Yes, “creation groans” (Rom. 8:22); we creatures do, too. Who or what after 6,000 years of sin wouldn’t? But creation itself, the creatures themselves—stripped of the after-the-fall adjectives scream out about the before-the-fall ones: “good” and “wonderful” and “beautiful” and “glorious.” Every cell, every blade of grass, every leaf, every piece of fruit, every human being, every sunset blatantly in-your-face testifies to God’s goodness and unapproachable power.

In The Sorrows of Young Werther, JohannWolfgang von Goethe (1749-1832) wrote about a young man who marveled at the wonders and simplicity of a simple life in nature. “Oh, how thankful I am that my heart can feel the simple, harmless joys of the man who brings to the table a head of cabbage he has grown himself, and in a single moment enjoys not only the vegetable, but all the fine days and fresh mornings since he planted it, the mild evenings when he watered it, and the pleasure he felt while watching it grow.”

All that over a head of cabbage? Why not? I can sit down to a bowl of oats, sprinkled with walnuts, raisins, blueberries, and wheat germ, all soaked in soymilk, and go out-and-out transcendental. All these things—oats, walnuts, wheat germ, soymilk—are what? Necessary and noncontingent that their nonexistence would entail a logical impossibility? Of course not. Each flake, each nut, each berry, each germ of wheat, and molecule of soy are voluntary gifts from a Creator with a power so great that our imaginations, even carried on the mind-expanding chariot of faith, can barely approach but only marvel and cower before it.

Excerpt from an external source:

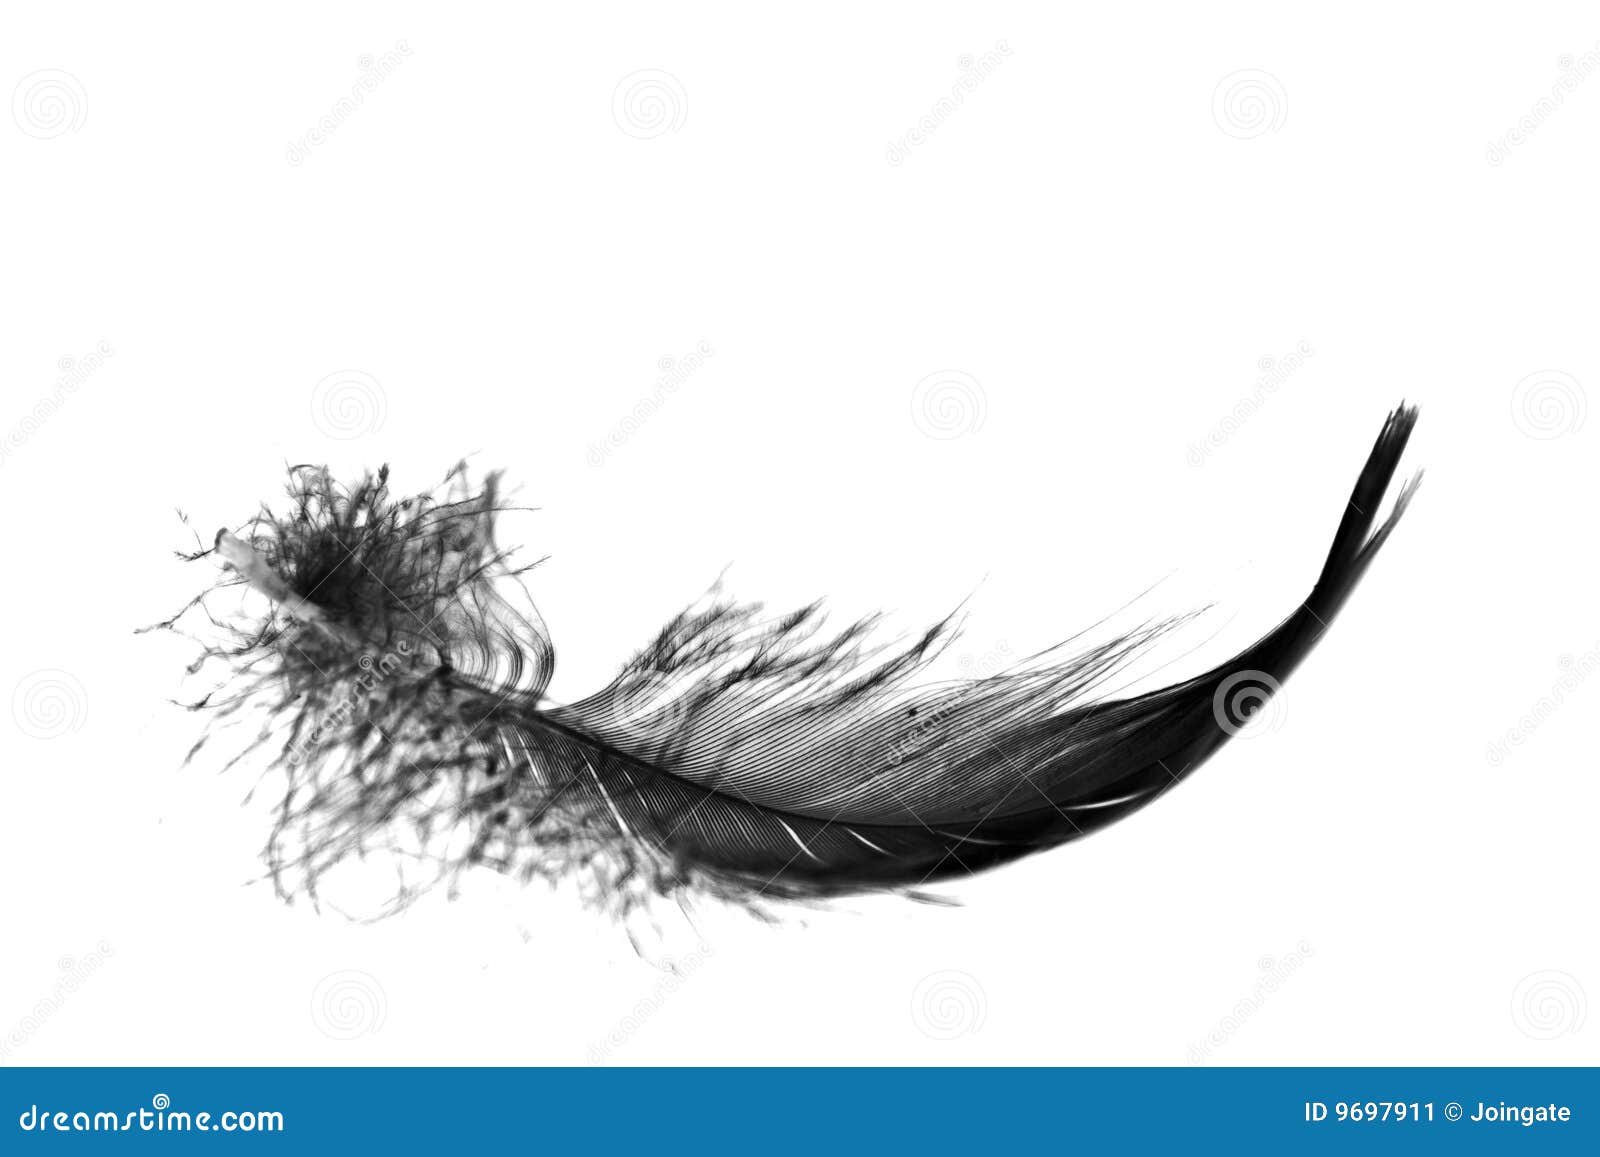 Black feather stock image.

And these miraculous forms of life grow out of dirt. Dirt! A single oat is a miracle filled with mysteries that our mortal minds can’t fathom; a blueberry points to a reality so ineffable that we don’t even know the right questions to ask; and, besides, so debilitated by sin, we wouldn’t understand the answers anyway. We don’t usually think about how miraculous it all is because all that we do with these miracles is digest them.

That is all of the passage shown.